Instructions for the task:
The result should be the listing below, restated exactly, with its pictures left out.

Information supplied:

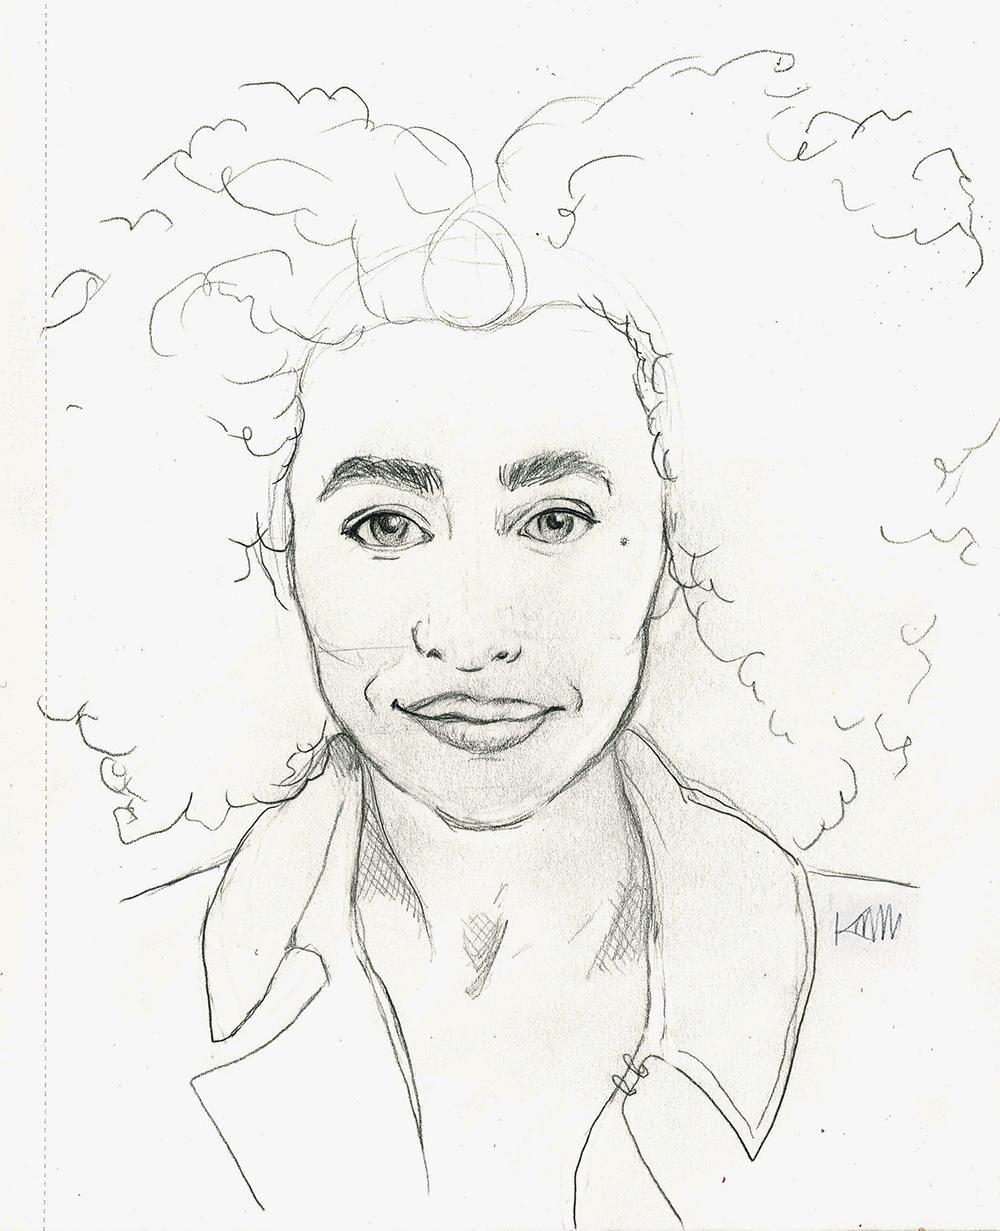 Minimalist Portrait in Pencil  - image 2 - student project
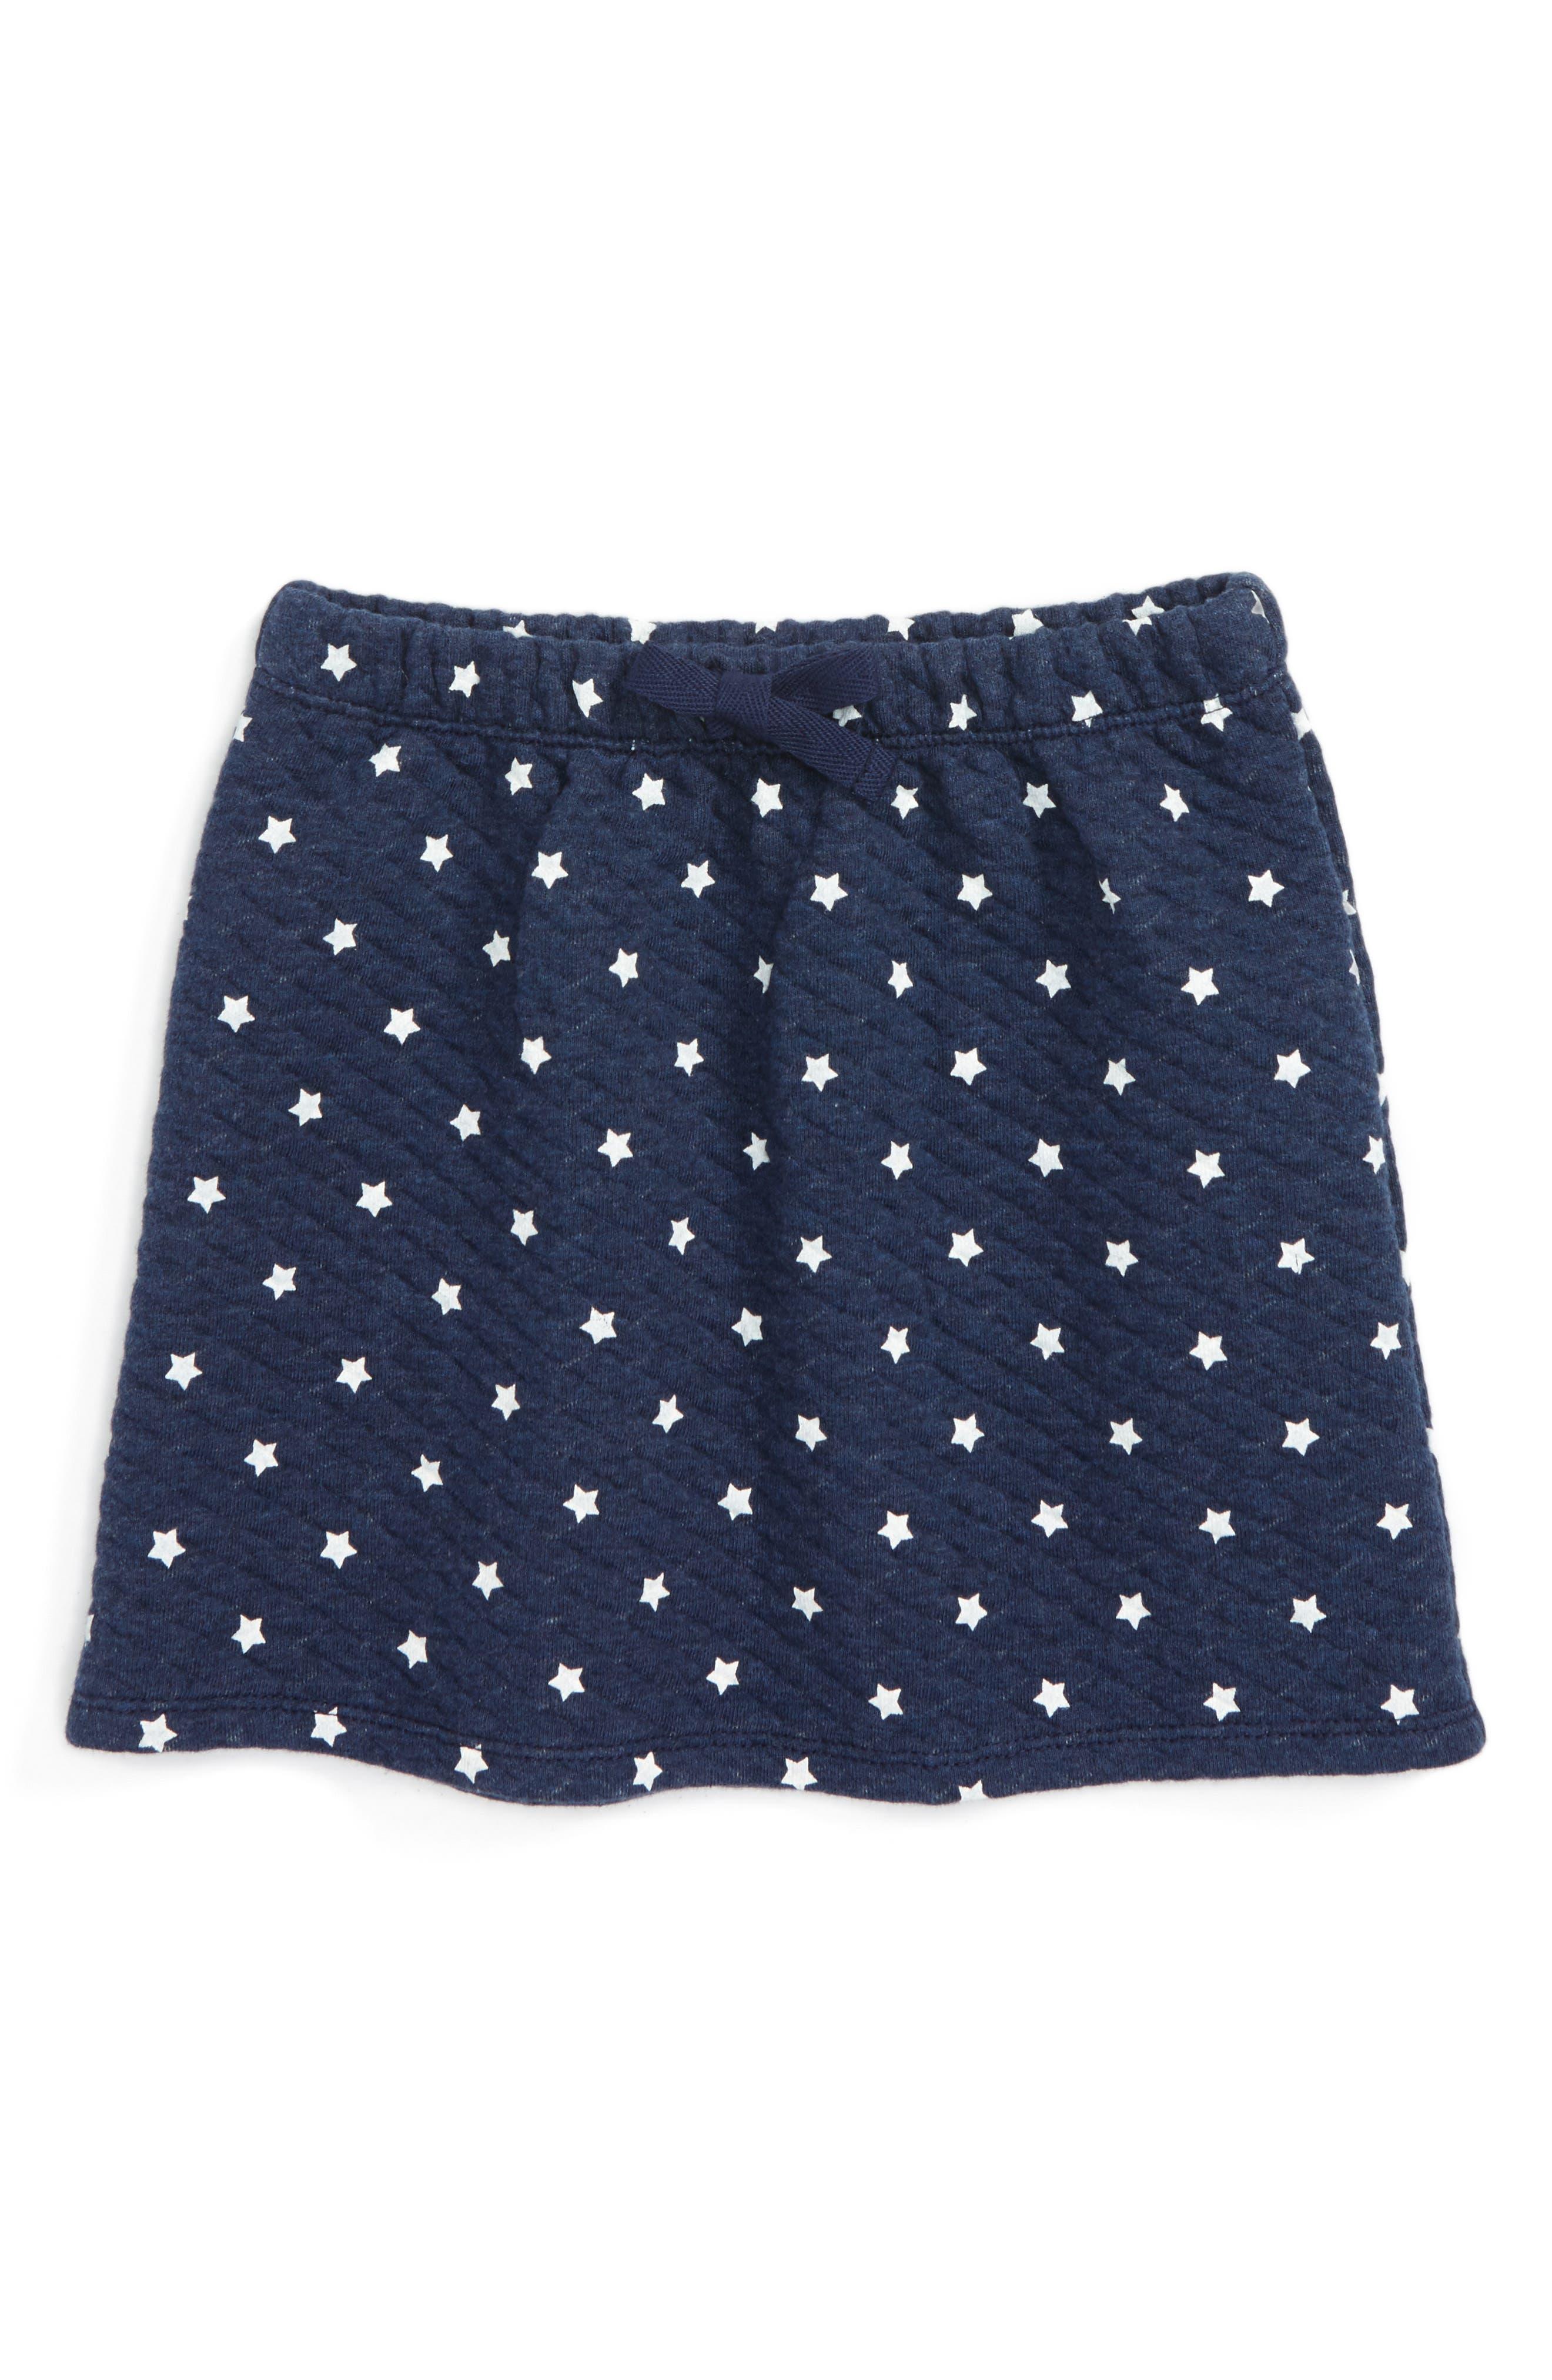 Main Image - Tucker + Tate Thea Star Skirt (Toddler Girls, Little Girls & Big Girls)
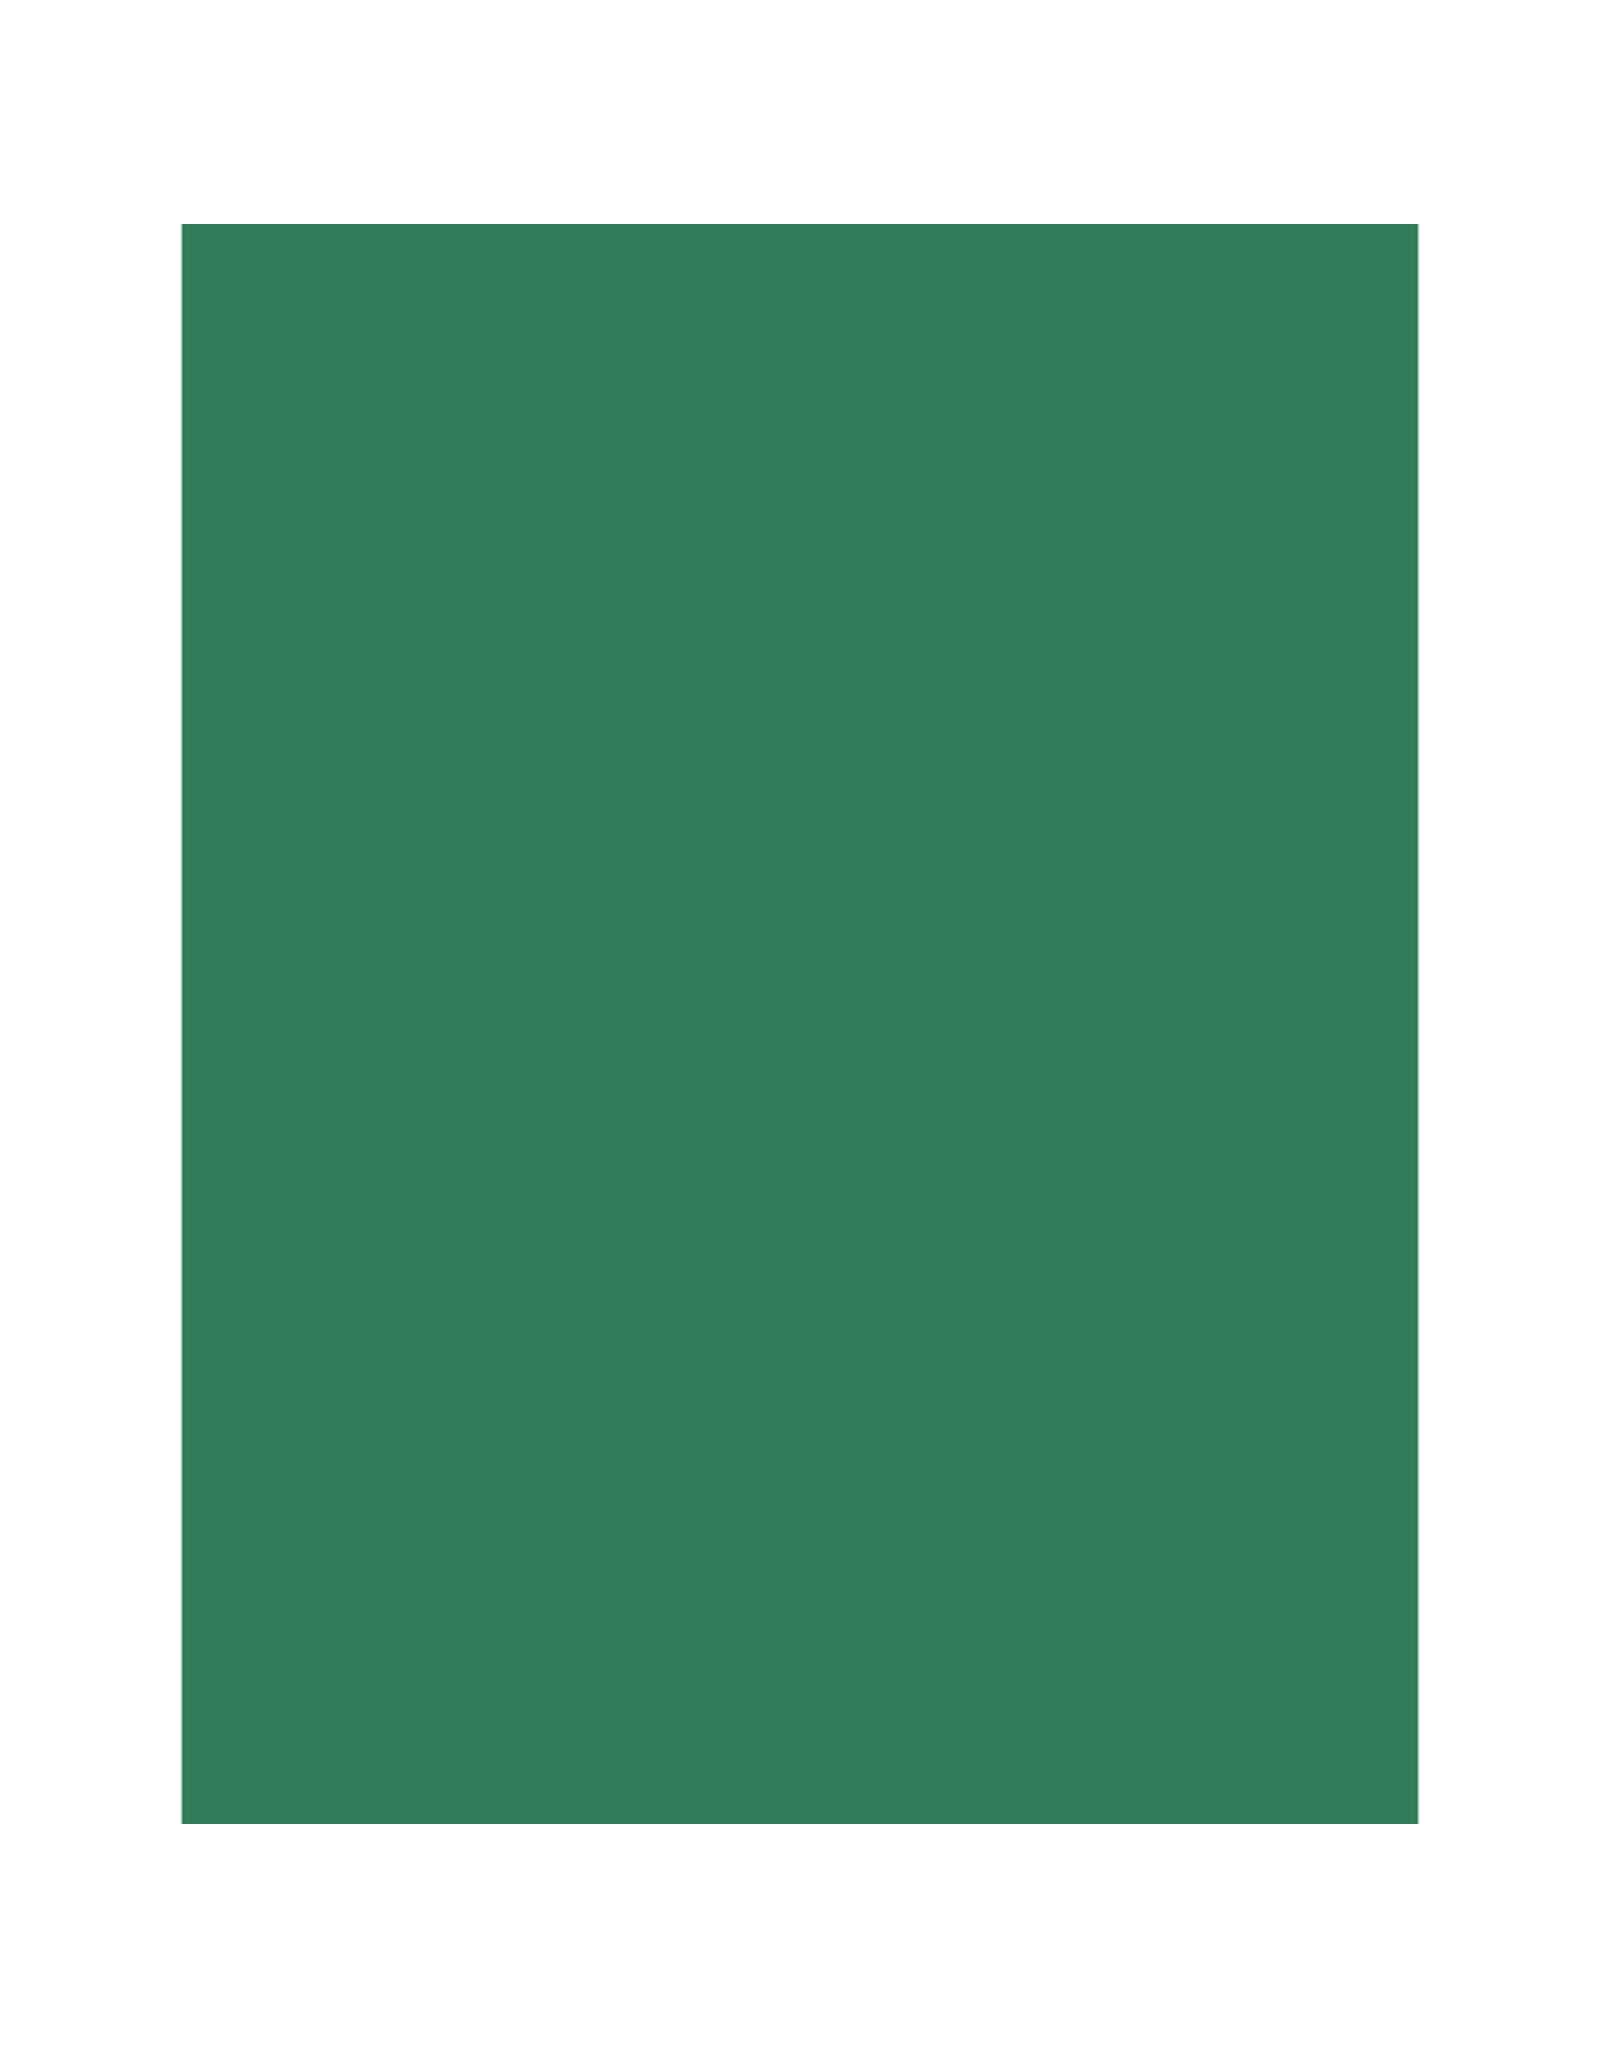 Bazzill Bazzill Card Shoppe 8.5x11 - Evergreen

Expected output:
 Minimalist Portrait in Pencil  - image 2 - student project
 Main Image - Tucker + Tate Thea Star Skirt (Toddler Girls, Little Girls & Big Girls)
 Bazzill Bazzill Card Shoppe 8.5x11 - Evergreen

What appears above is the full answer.